GRACE AFTER BETRAYAL

By Justin Davis: Three days after the affair came out, Trisha’s brother came to stay with her. Trish and I were already separated, and weren’t talking to each other. Our marriage was on life-support. I had no way of knowing that her brother was in town -- until he showed up at the house in which I was staying.

When my brother-in-law came in the house, I started to apologize. I wanted him to know how sorry I was. I wanted him to know how I wished I could take it back. I wanted him to know how regretful I was that I had betrayed Trisha -- and betrayed him. He didn’t say a word; he just came and gave me a hug. He wrapped his arms around my neck and cried with me. After a few minutes, he just said “I love you”.

Radical grace. What I realized in that moment is that my betrayed brother-in-law had demonstrated a more Christ-like love and grace to me than I had ever extended to him.  My brother in law is gay. I was a pastor. Till then, we’d had a relationship, but it wasn’t based on grace.

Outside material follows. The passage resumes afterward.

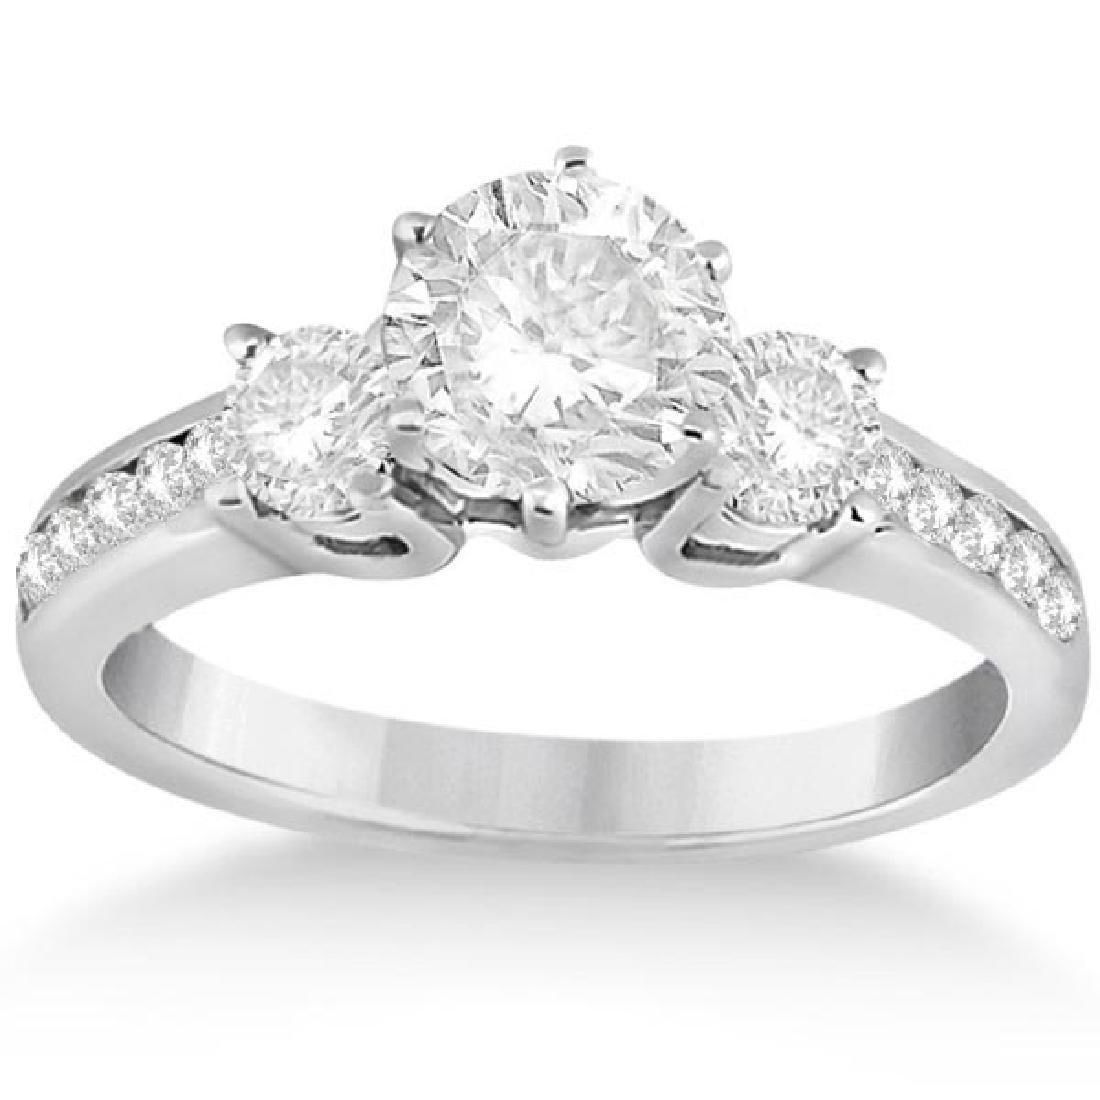 Three-Stone Diamond Engagement Ring in White Gold 1.70

When you’re desperate for grace and you’ve messed your life up beyond your ability to fix it, the rules you’ve lived by no longer make sense. I loved my brother-in-law, but in my heart I judged him. I cared deeply for him, but in my mind I thought I was better than him. In my economy, God was getting a better deal with me.

When you think you don’t need radical grace, it is so much easier to withhold it from others. It is easy to judge the drunk on the corner, the single mom on your kid’s field trip, the abusive husband, the lady on food stamps buying cigarettes at the grocery store, the porn addict. It is easy to think that we are more deserving -- more entitled -- to God’s love.

What I realized and continue to realize is I am those people. I am the drunk, the porn addict, the prostitute, the abusive husband, the crack addict. I am them, and I need grace.

Do I agree with my brother-in-laws lifestyle? No. But that is the scandalous and audacious thing about grace: it is unconditional. It is unending and undeserved mercy. It has nothing to do with agreeing with a lifestyle or dispensing what someone deserves, or proving a point or being right. Grace flies in the face of all of that.

What kind of grace does it take to hug your sister’s husband three days after he’s admitted to an affair? What kind of grace does it take to say I love you to someone who’s betrayed you so deeply? Radical grace. My brother-in-law gave me something that day that I didn’t deserve and could never repay…and he extended more to me than I had ever been willing to extend to him.

And I am forever grateful.

Do you have trouble realizing your need for radical grace? Do you have trouble extending radical grace to others?